#### [Problem details]
Begin at the line containing "MING GILT BRONZE" and restate it and each line after it exactly, up to and including the last line below. Leave pictures out.
══ Data segment ══
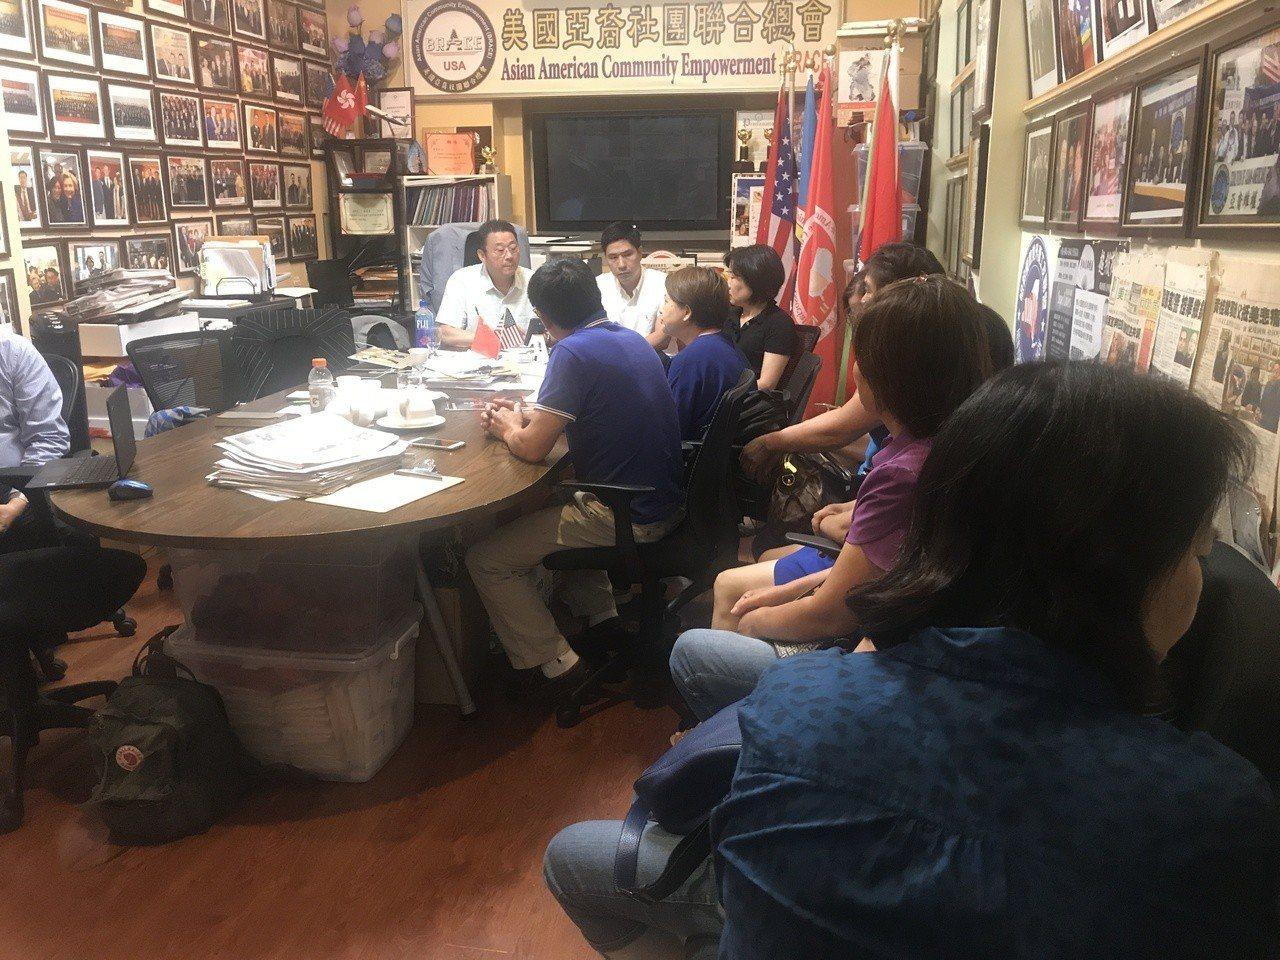 十多位中國溫州籍民眾21日前往美國亞裔社團聯合總會求助,表示日前參與一名中國溫州...
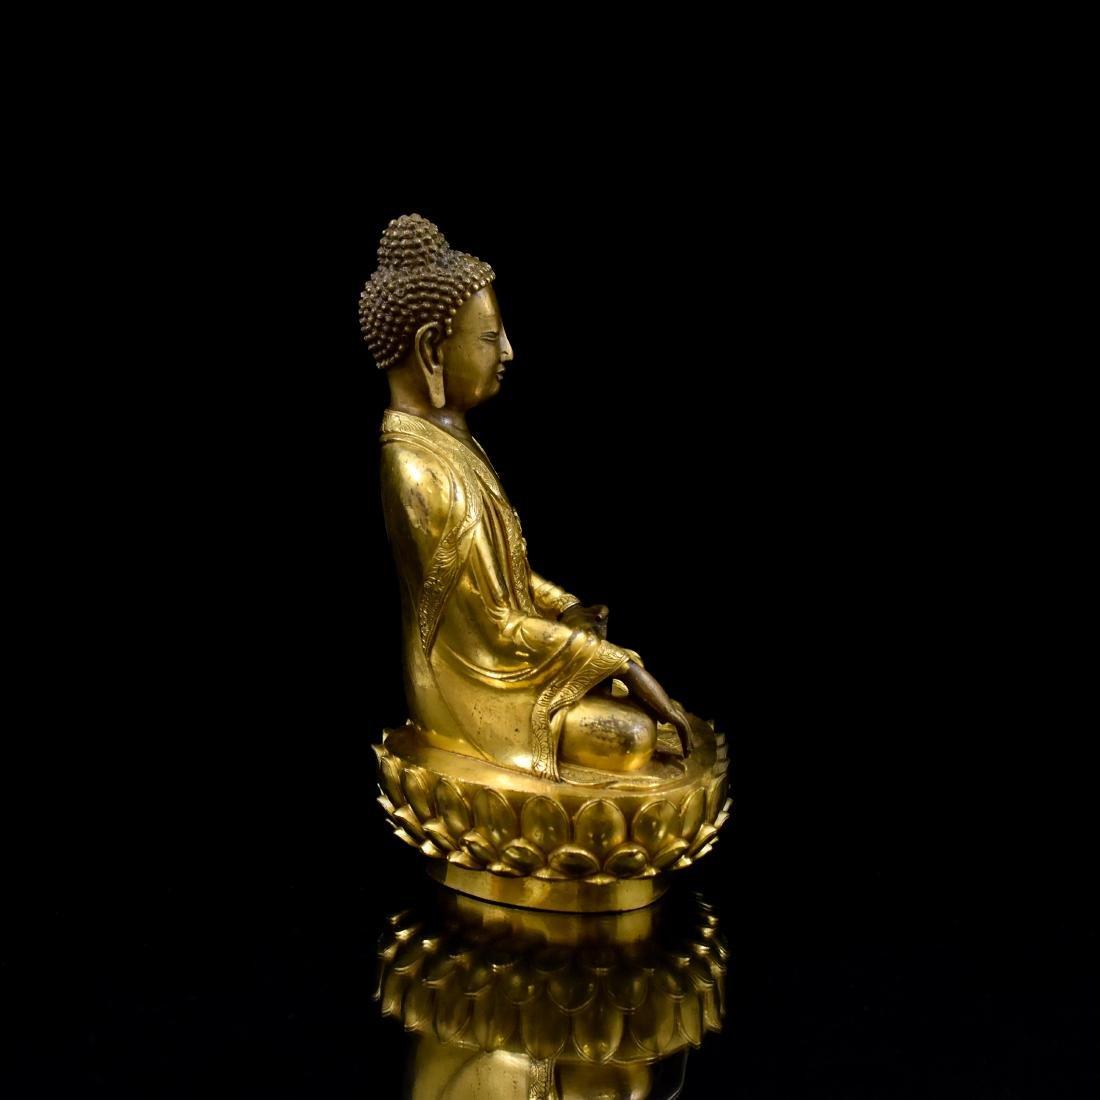 MING GILT BRONZE BUDDHA FIGURE OF SHAKYAMUNI BUDDHA - 2
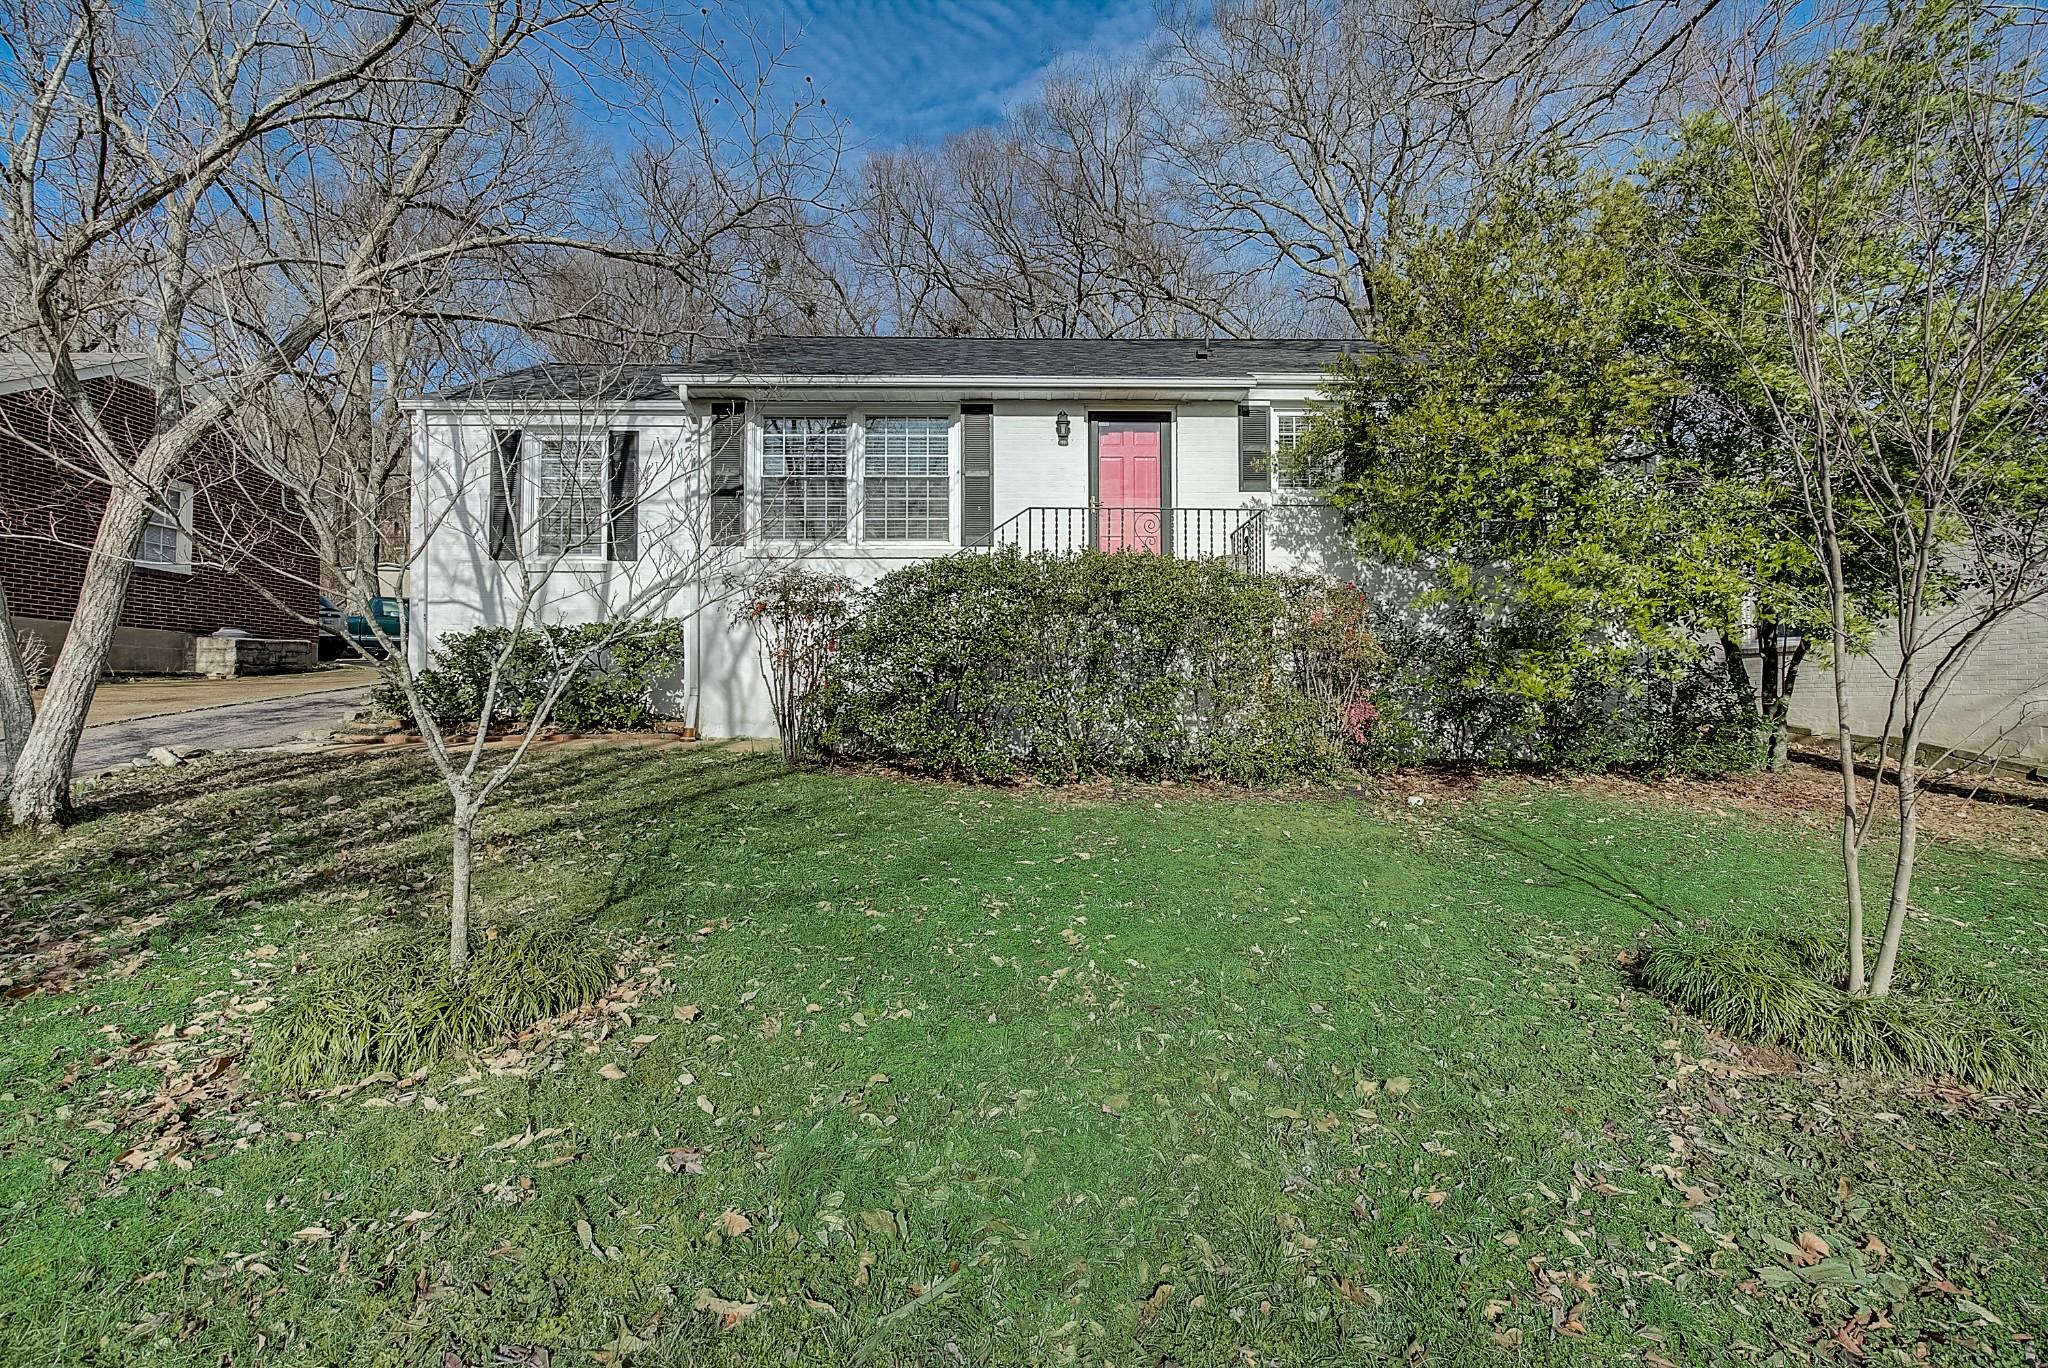 727 Kendall Dr, Nashville, TN 37209 - Nashville, TN real estate listing
═══
#### [Written answer]
 MING GILT BRONZE BUDDHA FIGURE OF SHAKYAMUNI BUDDHA - 2
 727 Kendall Dr, Nashville, TN 37209 - Nashville, TN real estate listing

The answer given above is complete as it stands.